| WORK TO COMPLETE |
Can you print the data exactly and leave out each image?

| DATASET EXCERPT |
*** Block opens ***
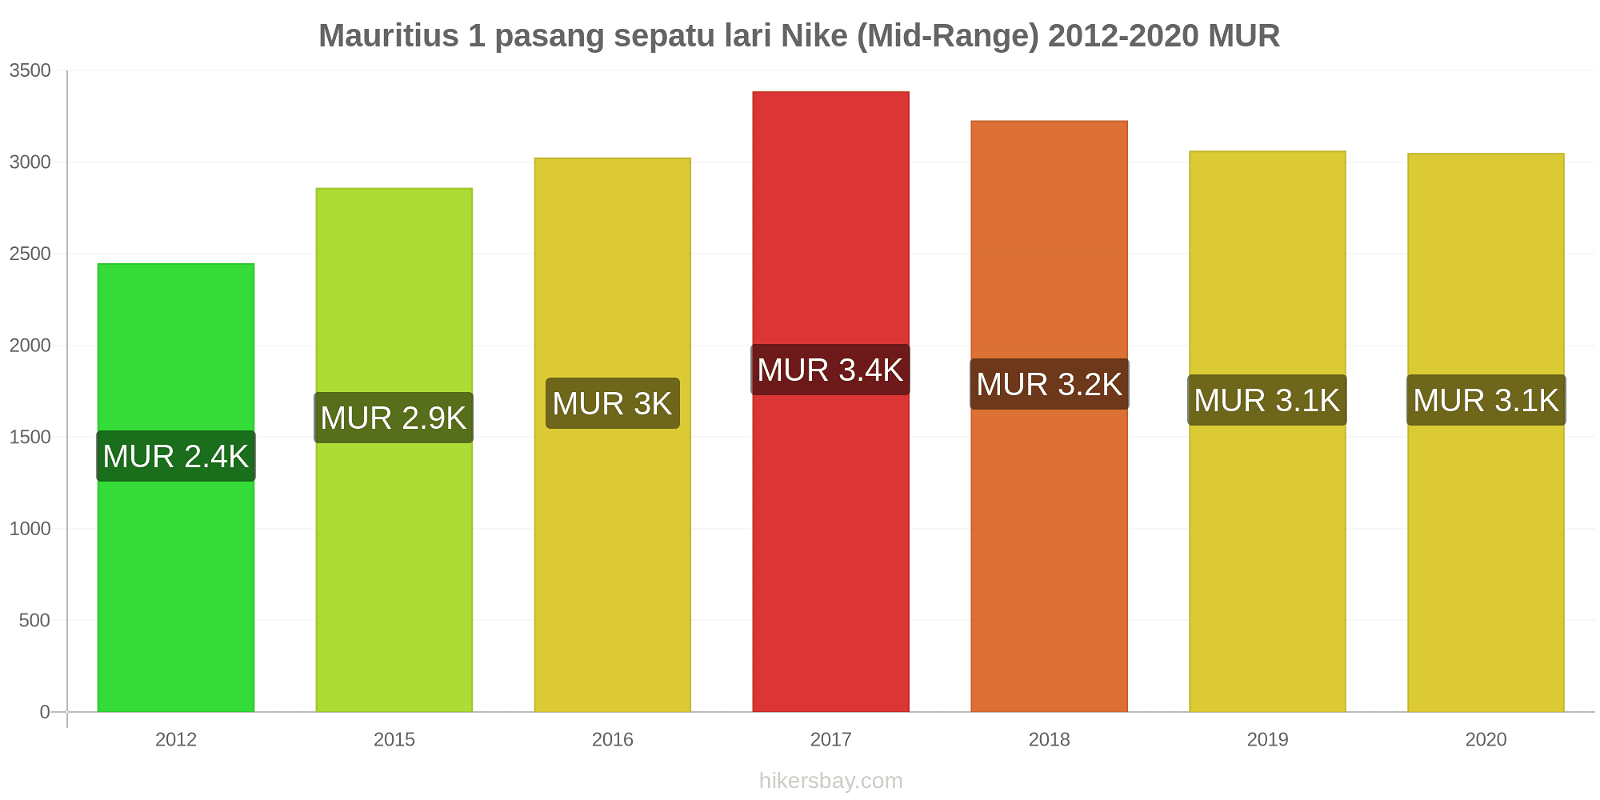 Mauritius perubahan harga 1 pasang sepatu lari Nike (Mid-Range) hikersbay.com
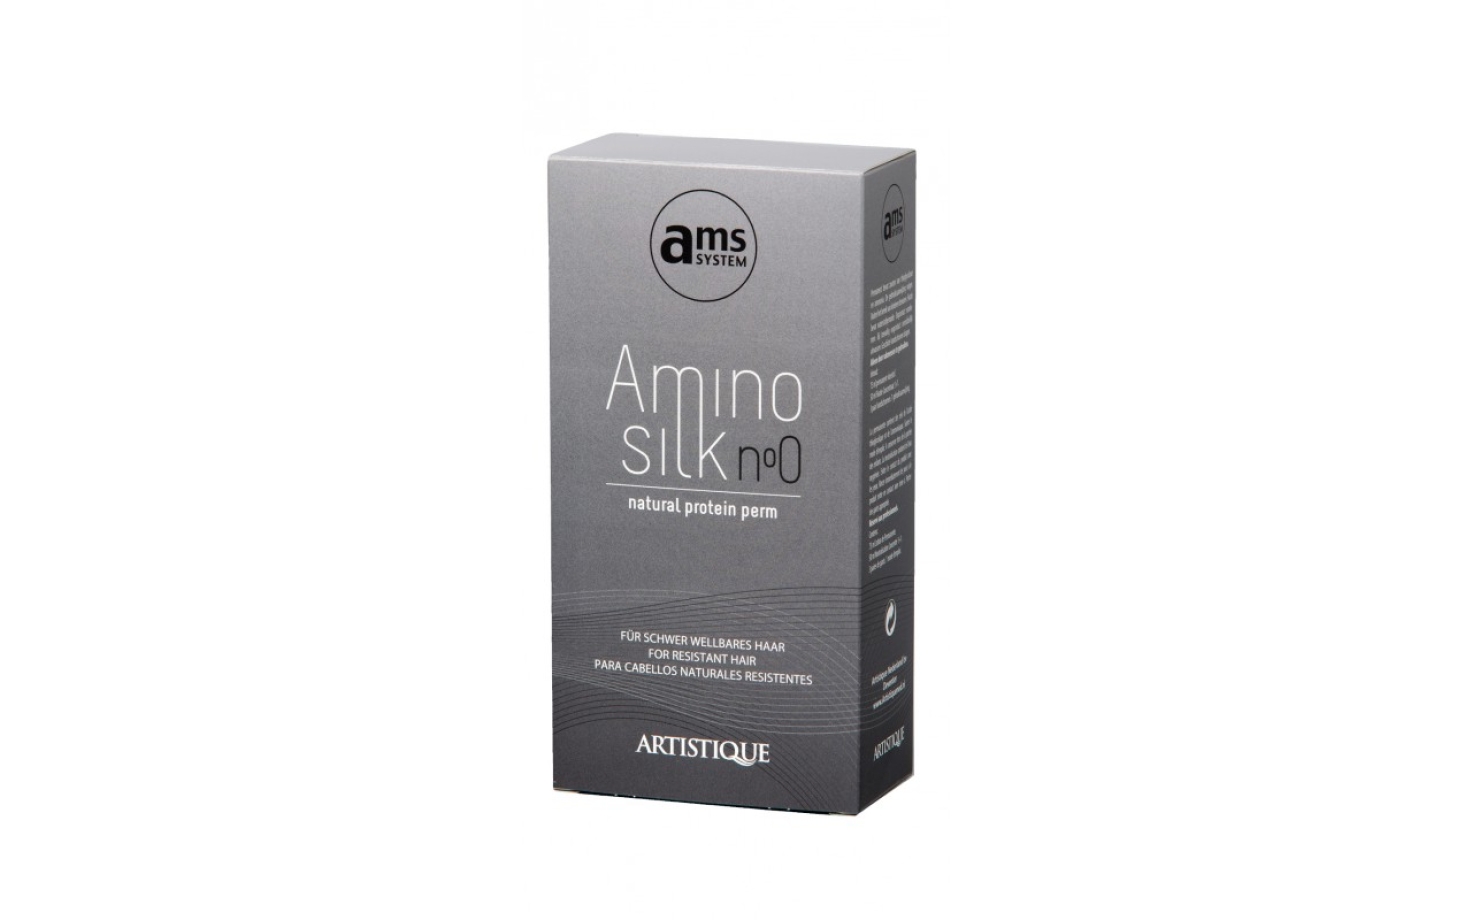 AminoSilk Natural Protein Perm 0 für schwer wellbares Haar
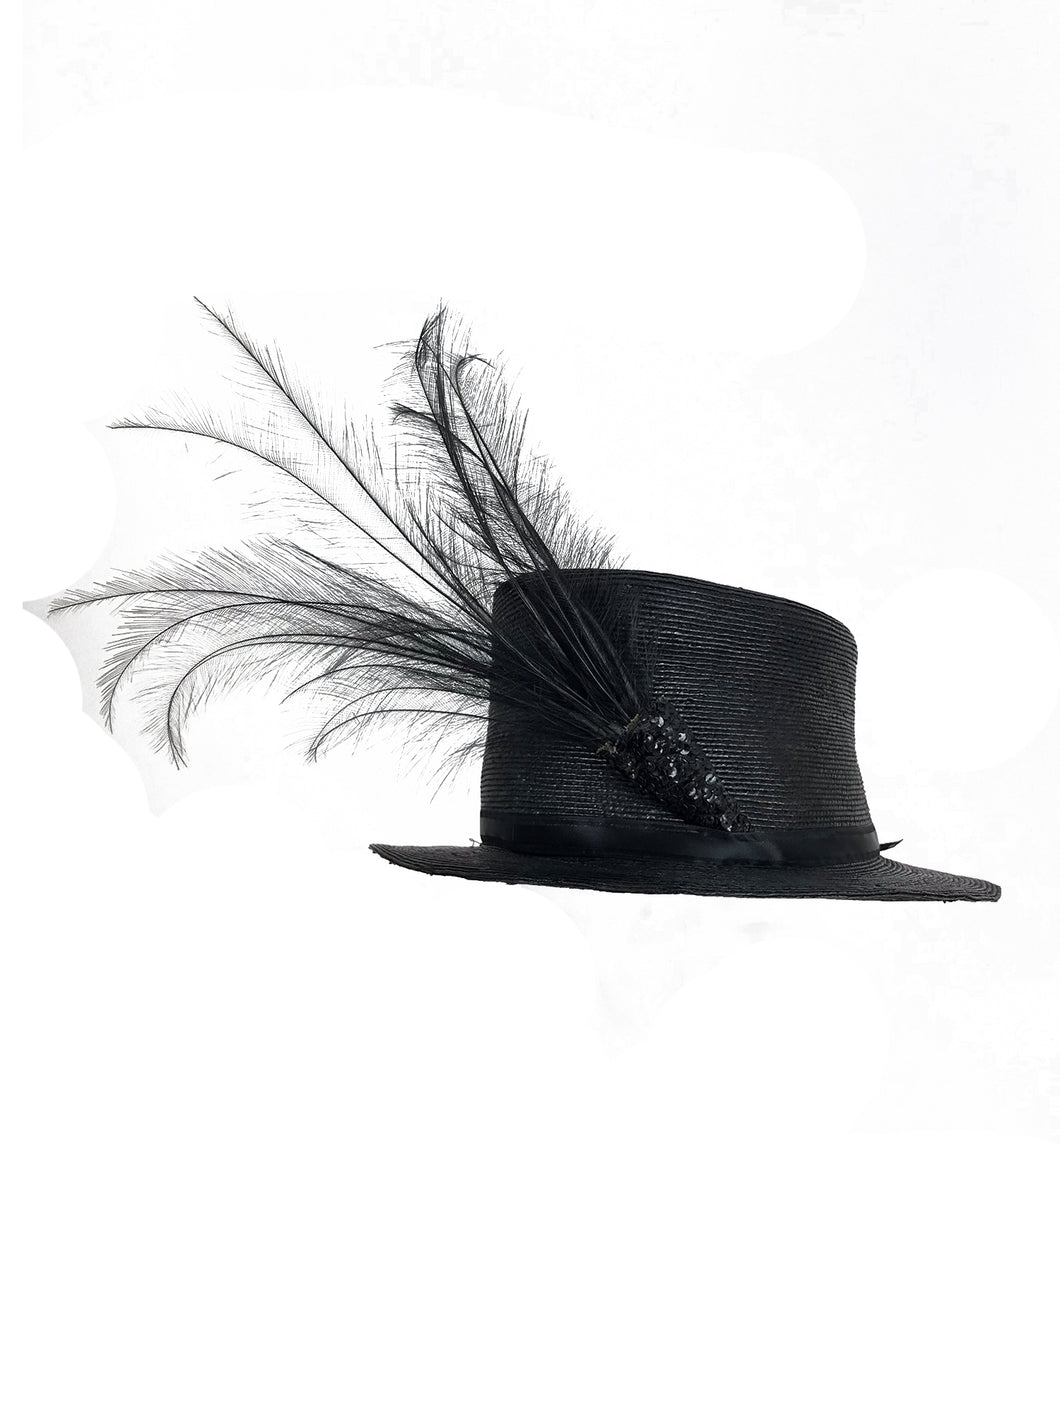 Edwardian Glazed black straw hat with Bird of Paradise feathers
*** Block closes ***
| REPLY TO THE EXERCISE |
 Mauritius perubahan harga 1 pasang sepatu lari Nike (Mid-Range) hikersbay.com
 AminoSilk Natural Protein Perm 0 für schwer wellbares Haar
 Edwardian Glazed black straw hat with Bird of Paradise feathers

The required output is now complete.